Briefly, the callSmallVariants module in CASAVA adopts two stages: the first stage calls alleles based on the sequence base calls, alignment and quality scores; while the second stage calls SNPs on the basis of the allele calls and the read depth. Allele calling considers the paired-end reads that satisfy all of the following criteria:
- Properly aligned and mapped to the reference genome;
- Pass the quality control filtering;
- Alignment score of at least 6;
- Read-pairs must map with the expected size and orientation.
QC filters adopted by CASAVA remove reads that fail primary analysis quality checks (such as PCR or optical duplicates, or reads with a paired-end mapping quality score of less than 90). The probabilistic model adopted by CASAVA calculates the likelihood of the possible genotypes for every site in the genome, and translates this to two quality scores: Q(snp) and Q(max_gt). Q(snp) expresses the probability that the site will contain a variant allele while Q(max_gt) shows the probability of the most likely genotype at this site. The mean sequencing depth of each chromosome is calculated, and any candidate SNP that possesses a Q(snp) > 0 but with call depth greater than 3 times the mean sequencing depth of the chromosome is excluded. This criterion typically removes SNPs in regions close to the centromeres and possessing high copy numbers. We additionally included a filter on Q(snp), retaining SNPs only when the Q(snp) is at least 20. Heterozygous SNPs on non-autosomal haploid chromosomes are also removed.
For the multi-sample calling with SAMTOOLS, the BAM file for each sample is split into the individual chromosomes before mpileup in SAMTOOLS is executed. An initial round of read filtering is performed to remove reads marked as PCR or optical duplicates. Reads with paired-end mapping quality less than 90 were also excluded. The following steps and command lines were executed:
Step 1: filter raw bam file
% samtools view -f 0x2 -b [sample].bam chr[*] | samtools view -b -F 0x200 – | samtools view -b -F 0x400 – > [sample]_chr[*].bam
Step 2: SAMTOOLS mpileup
% samtools mpileup -q 90 -uf [ref.fa] [list of bam files] > chr[*]_mpileup.out
Step 3: BCF file generation
% bcftools view -p 0.99 -bvcg chr[*]_mpileup.out > chr[*]_mpileup.raw.bcf 2> bcf.log
Step 4: variants filtering using BCFTOOLS
% bcftools view chr[*]_mpileup.raw.bcf | awk ‘$6>3’ | vcfutils.pl varFilter -D[*] -10 -20 -30 -40 > chr[*]_D[*]Qonly.out
After variant discovery, the SNPs are filtered to minimize false discovery using bcftools in SAMTOOLS with the following filtering criteria:
- Variant quality > 3
- Maximum read depth = mean read depth + 3 * standard deviation of read depth
- Minimum read depth = 3
- SNP must not be within 10bp of a gap.
We additionally removed all heterozygous SNPs for SNPs discovered in chromosome Y and mitochondria. To reduce the likelihood of false positives in the SNP calling, the final set of SNPs that are reported in the main text only included those that have been discovered by both CASAVA and SAMTOOLS.

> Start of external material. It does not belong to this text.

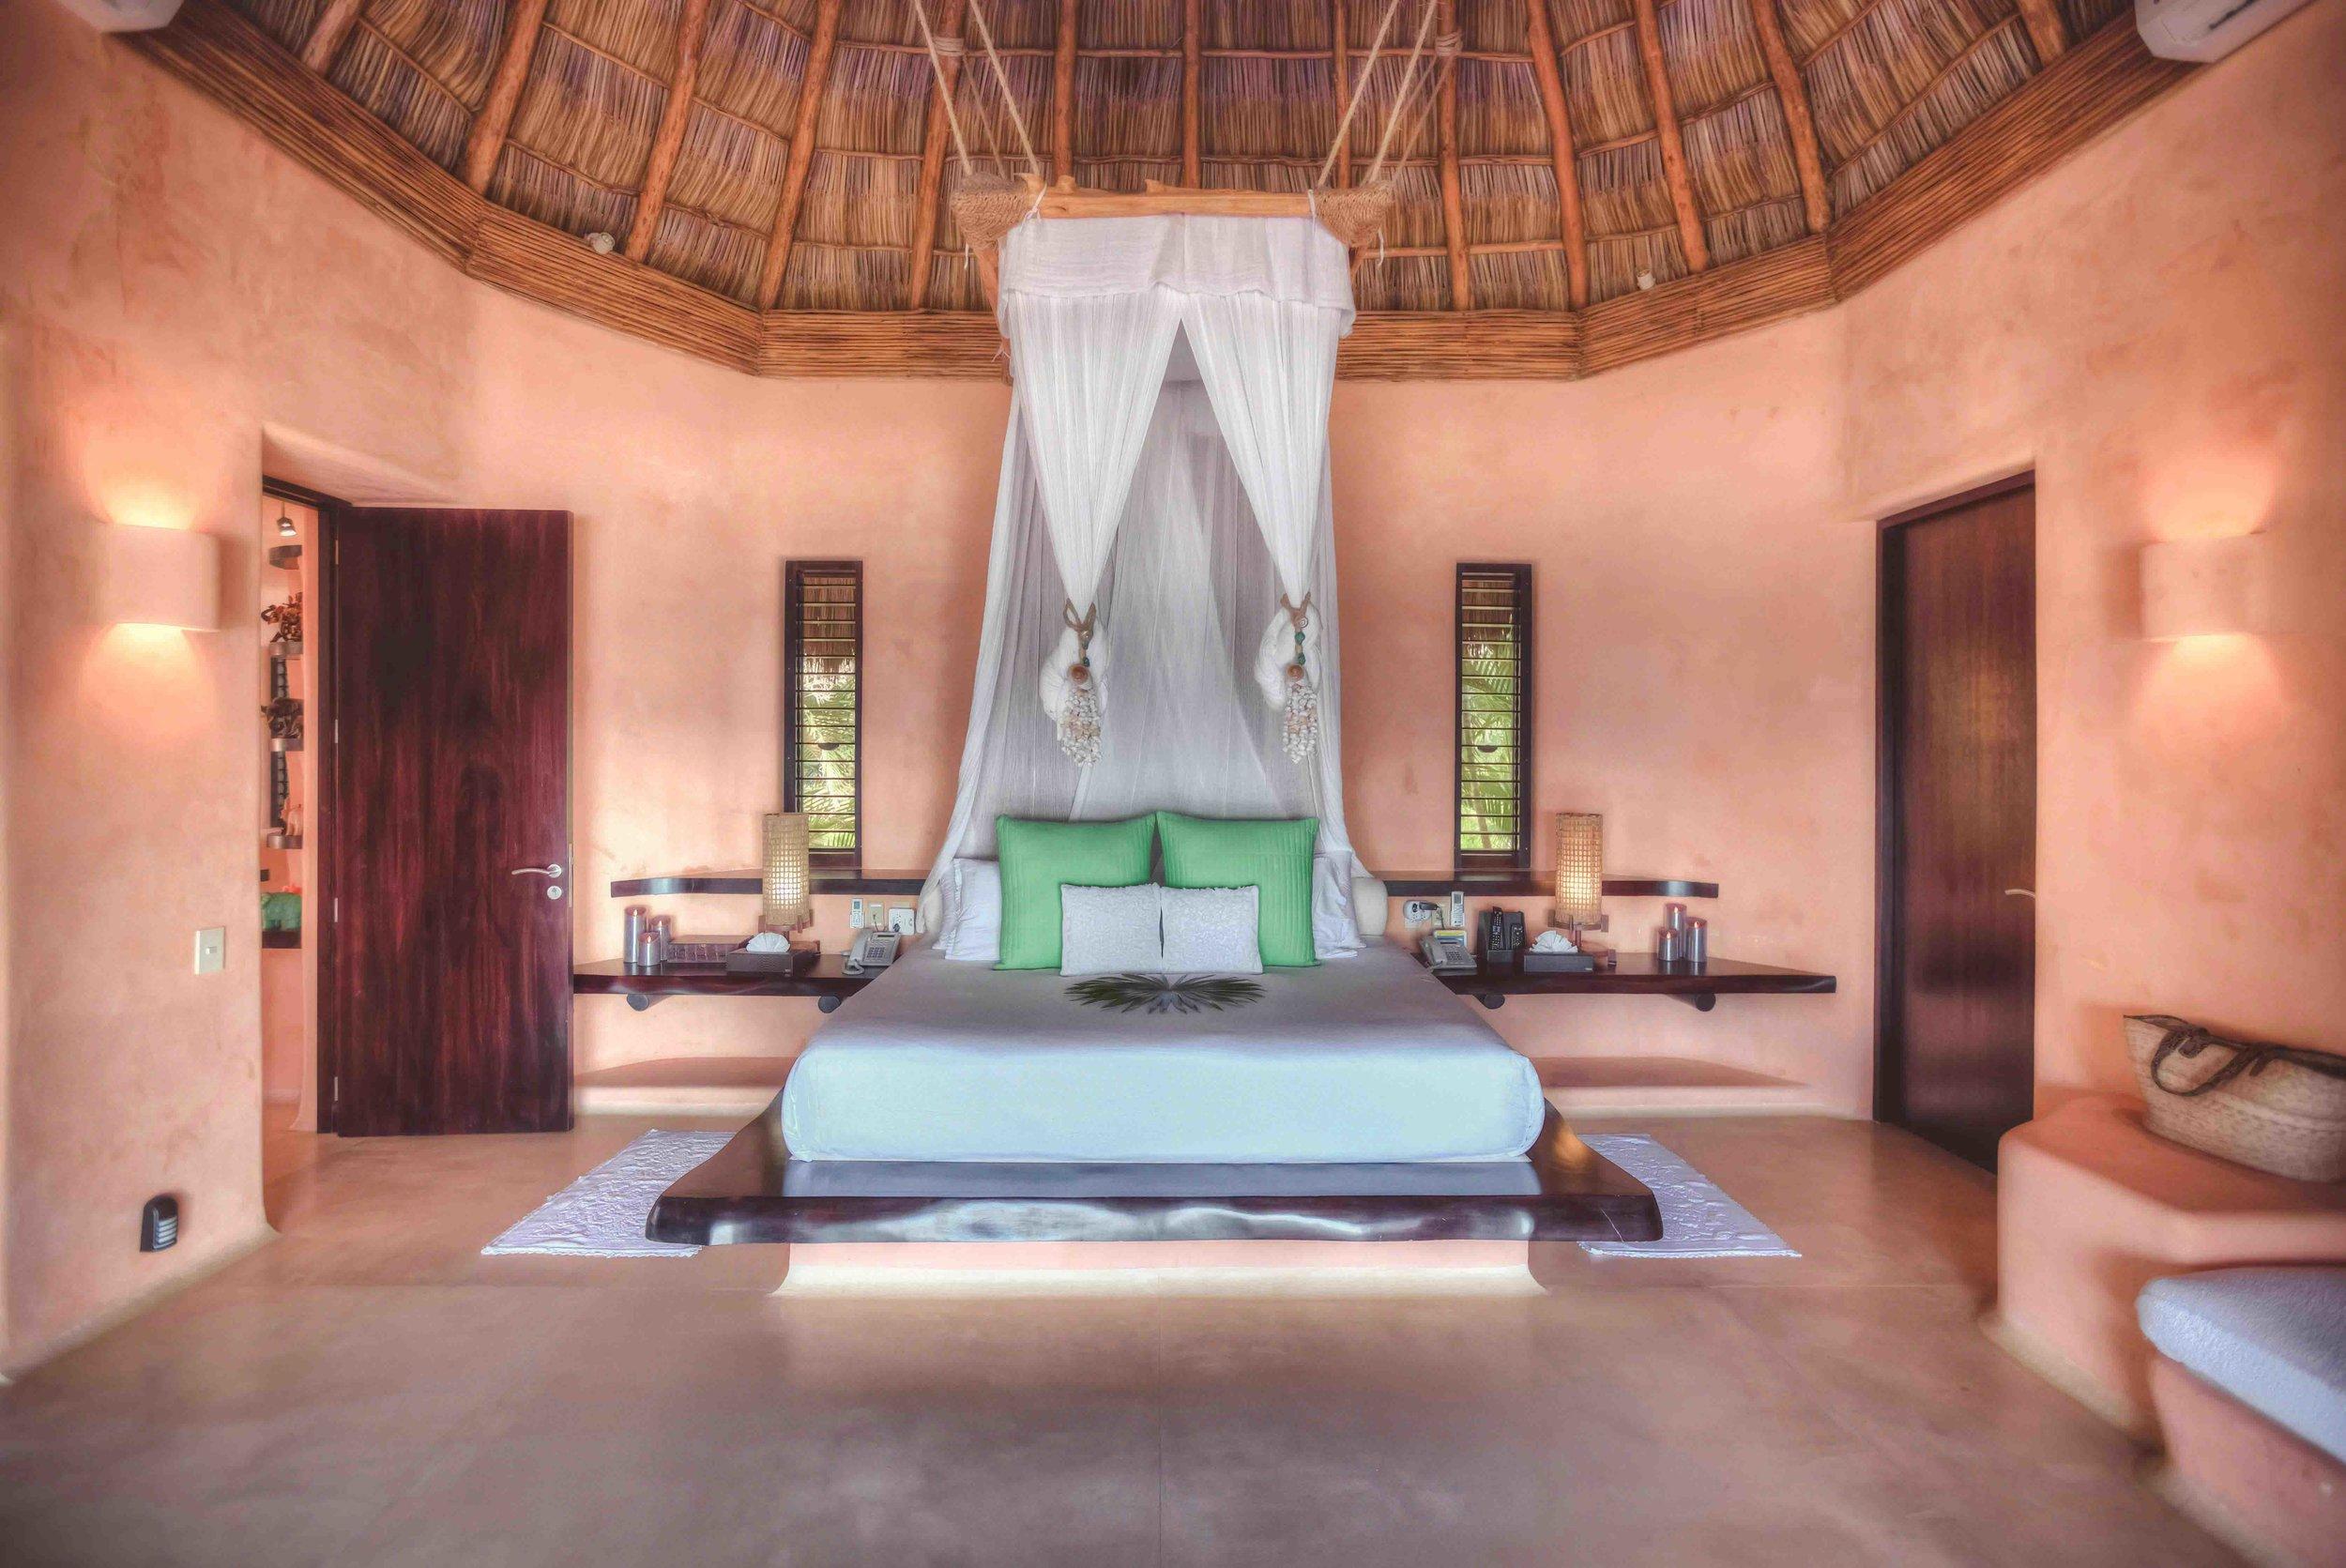 Luxury-Villa-Rental-Mexico-15.jpg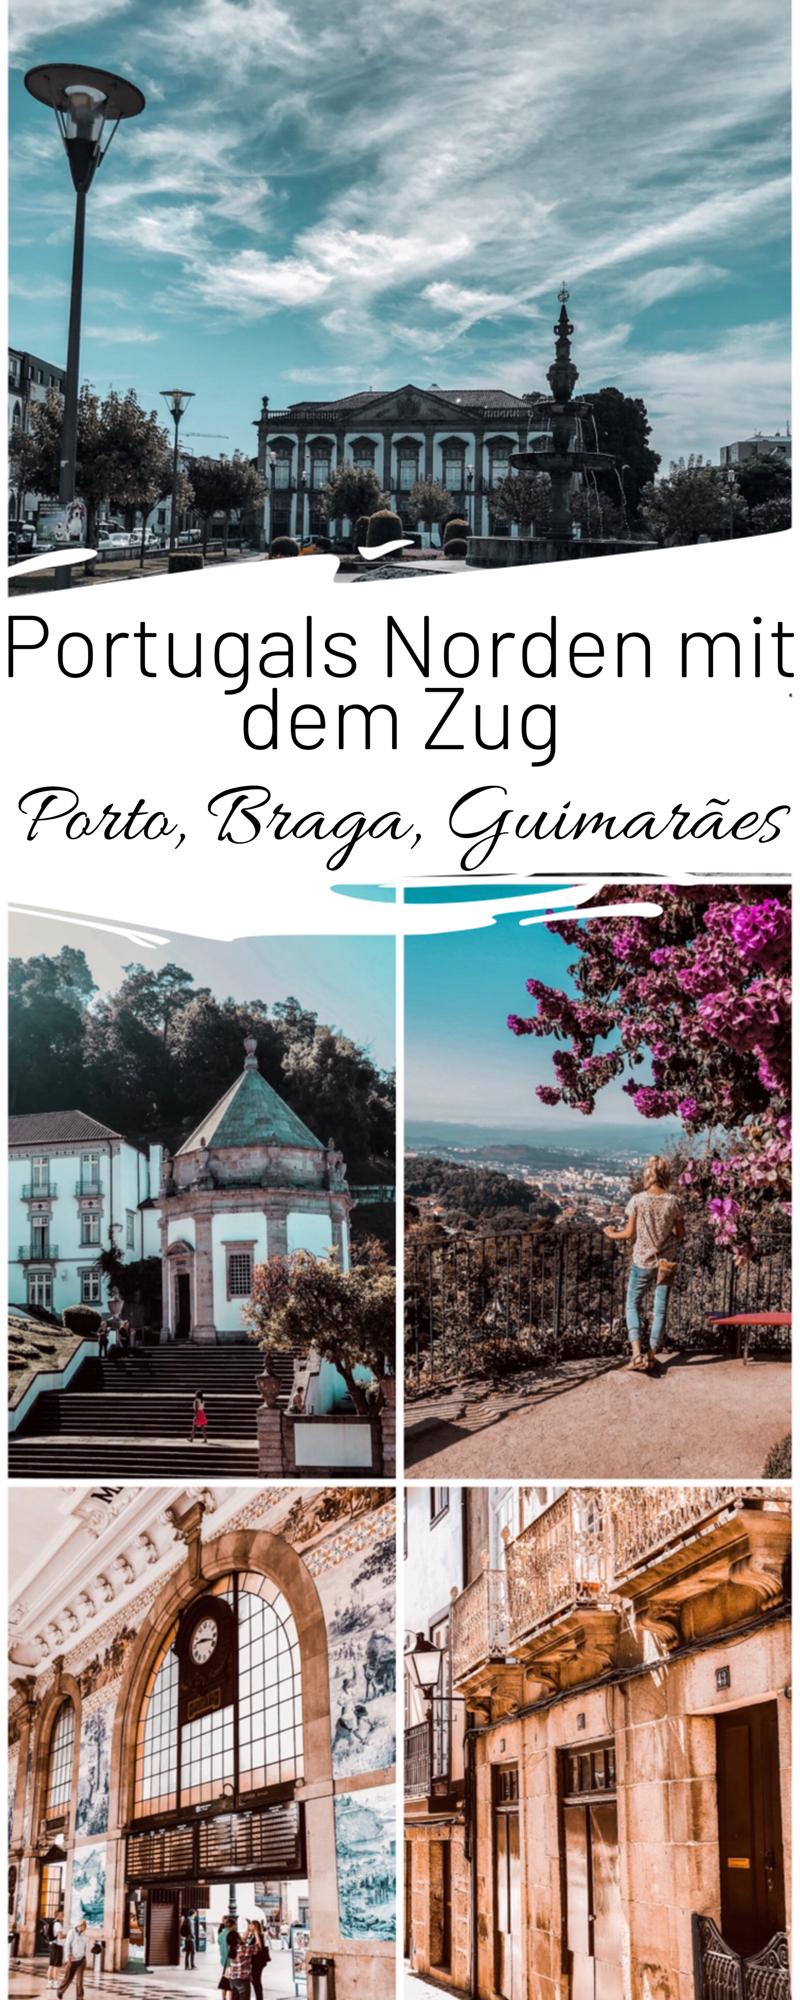 Nordportugal mit dem Zug - Braga, Guimarães & Porto ⋆ Child & Compass

1.3 Quality control for Omni1-Quad genotyping
Each of the 100 SSMP samples has also been genotyped on the Illumina Human Omni1Quad genotyping array. Genotype calling was performed using Genome Studio with version D of the manifest (1,138,747 markers. We remapped the SNPs to their updated chromosomal positions on NCBI Build37. Samples were assessed for the following criteria:
- High rates of missingness (> 5%)
- Excess heterozygosity, which can be indicative of sample contamination
- Excess identity-by-state, which suggests related or duplicated samples
- Discordant ethnic membership from the reported ethnicity
- Gender discrepancy.
One sample (SSM048) was identified to be distinctively Asian Indian in origin, and was excluded from subsequent analysis.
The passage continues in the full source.